Repeat every line of the data exactly, but not the pictures.

Recorded information:
——————————

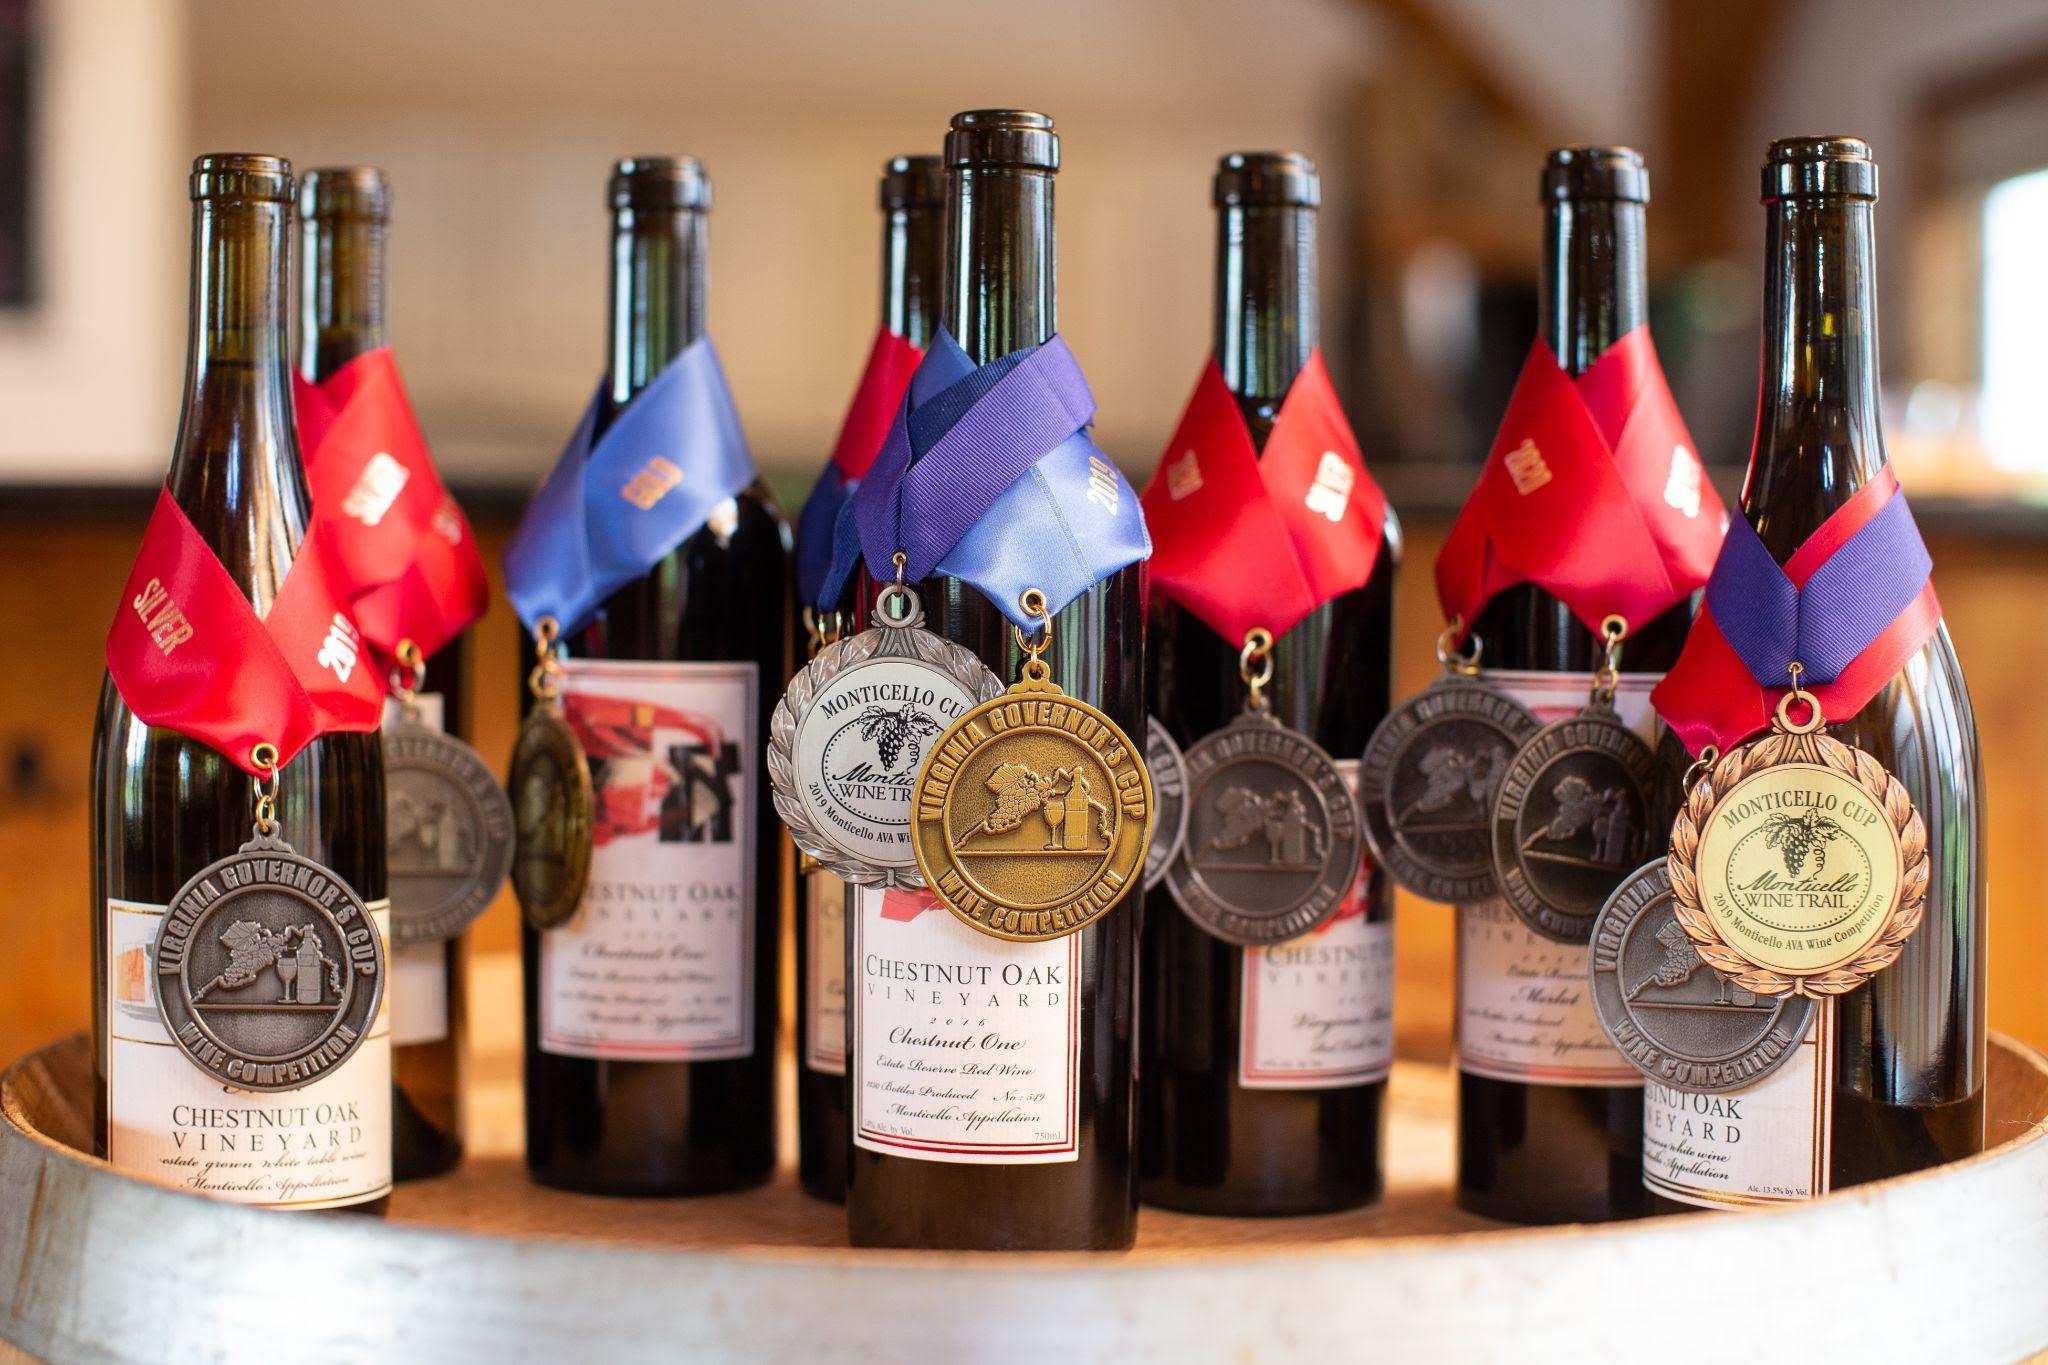 Chestnut Oak Winery: Capturing Virginia's Beauty in Every Bottle
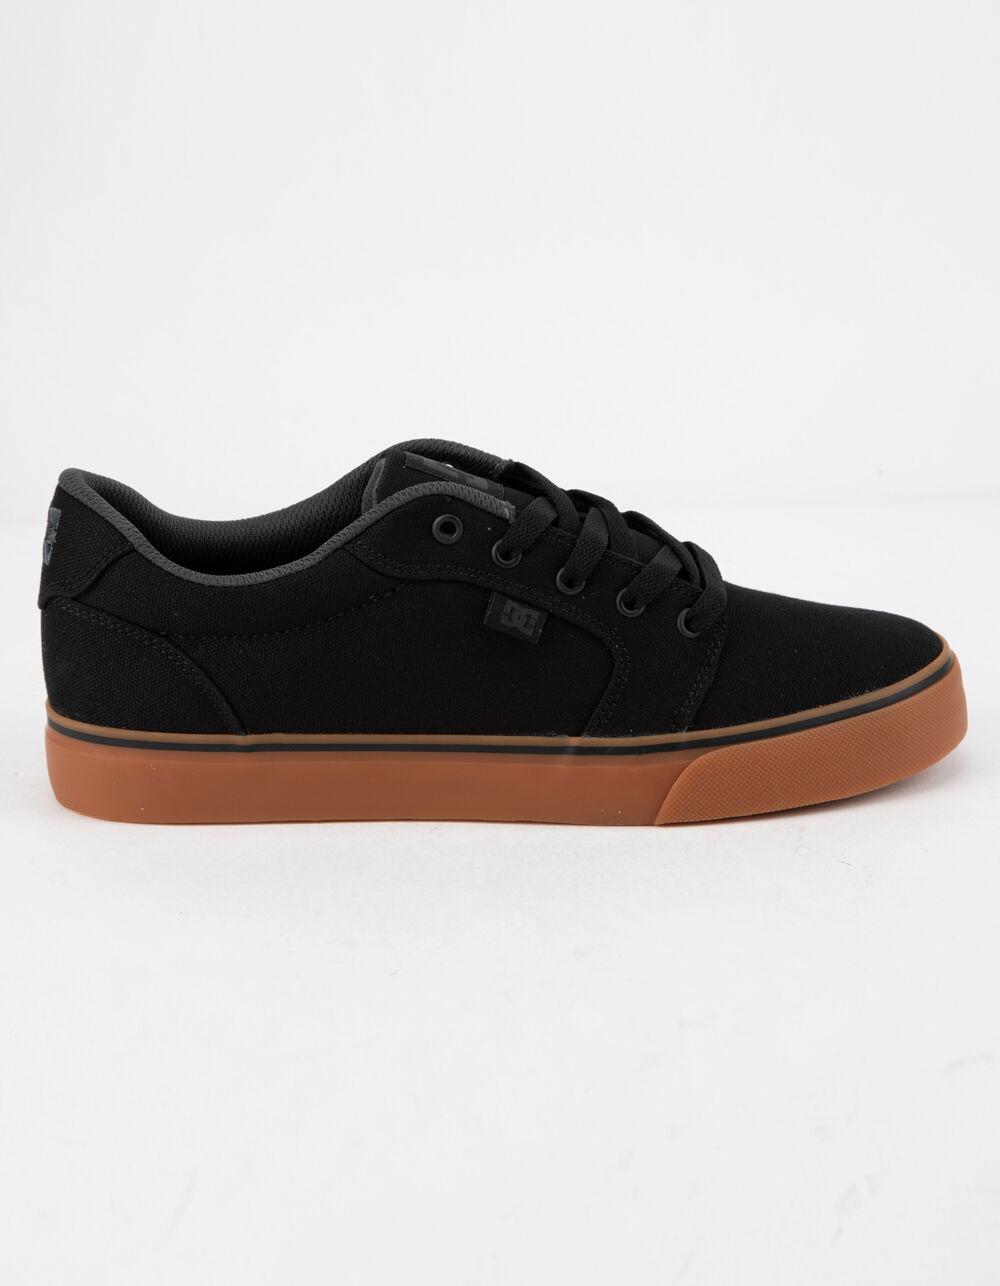 DC SHOES Anvil TX Black & Gum Shoes
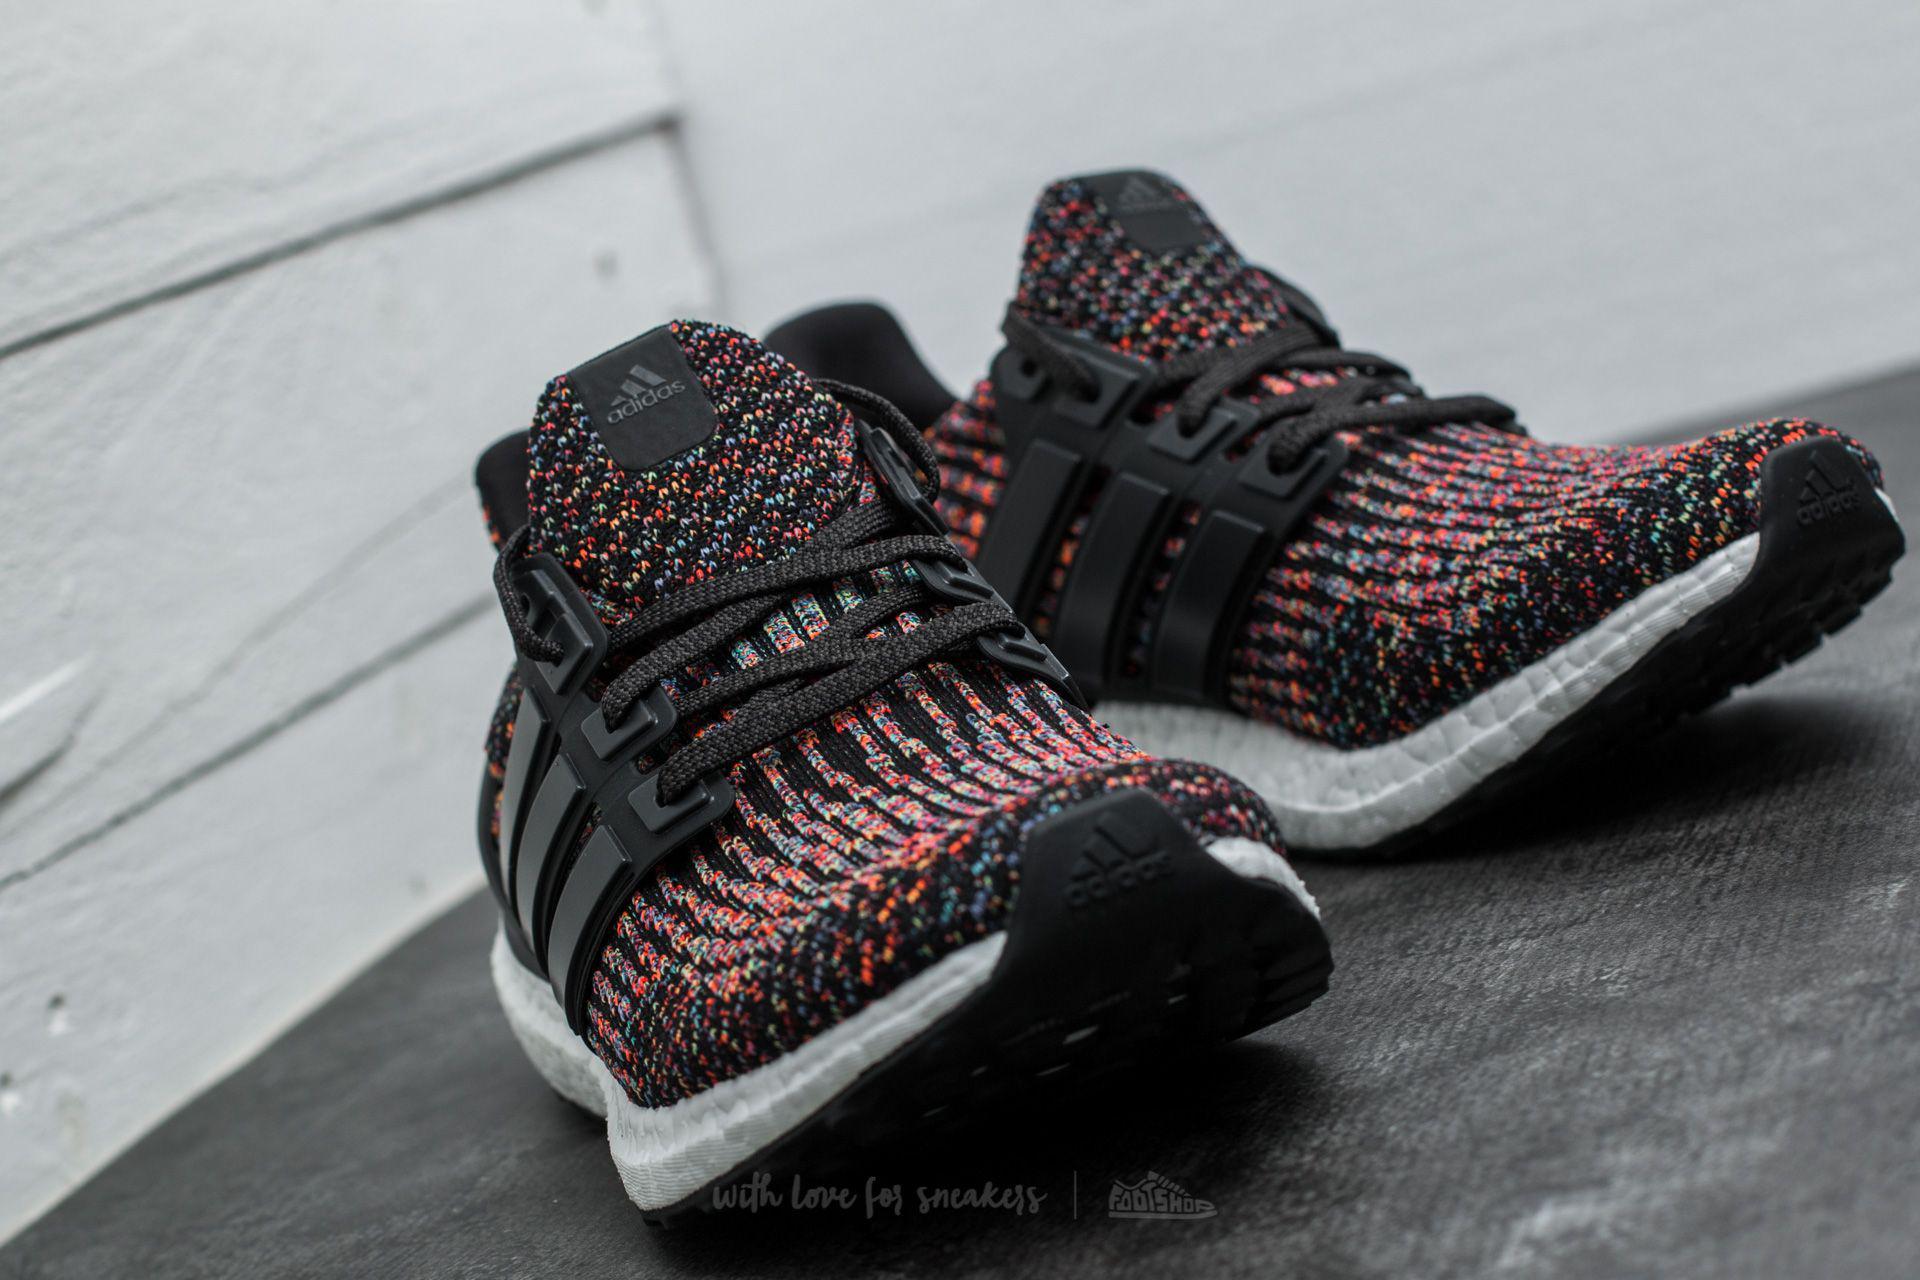 c1c411adf84e3 50% off lyst footshop adidas ultraboost ltd core black utility black in  fcb1a 6b5db

——————————

Response to this exercise:
 Chestnut Oak Winery: Capturing Virginia's Beauty in Every Bottle
 DC SHOES Anvil TX Black & Gum Shoes
 c1c411adf84e3 50% off lyst footshop adidas ultraboost ltd core black utility black in  fcb1a 6b5db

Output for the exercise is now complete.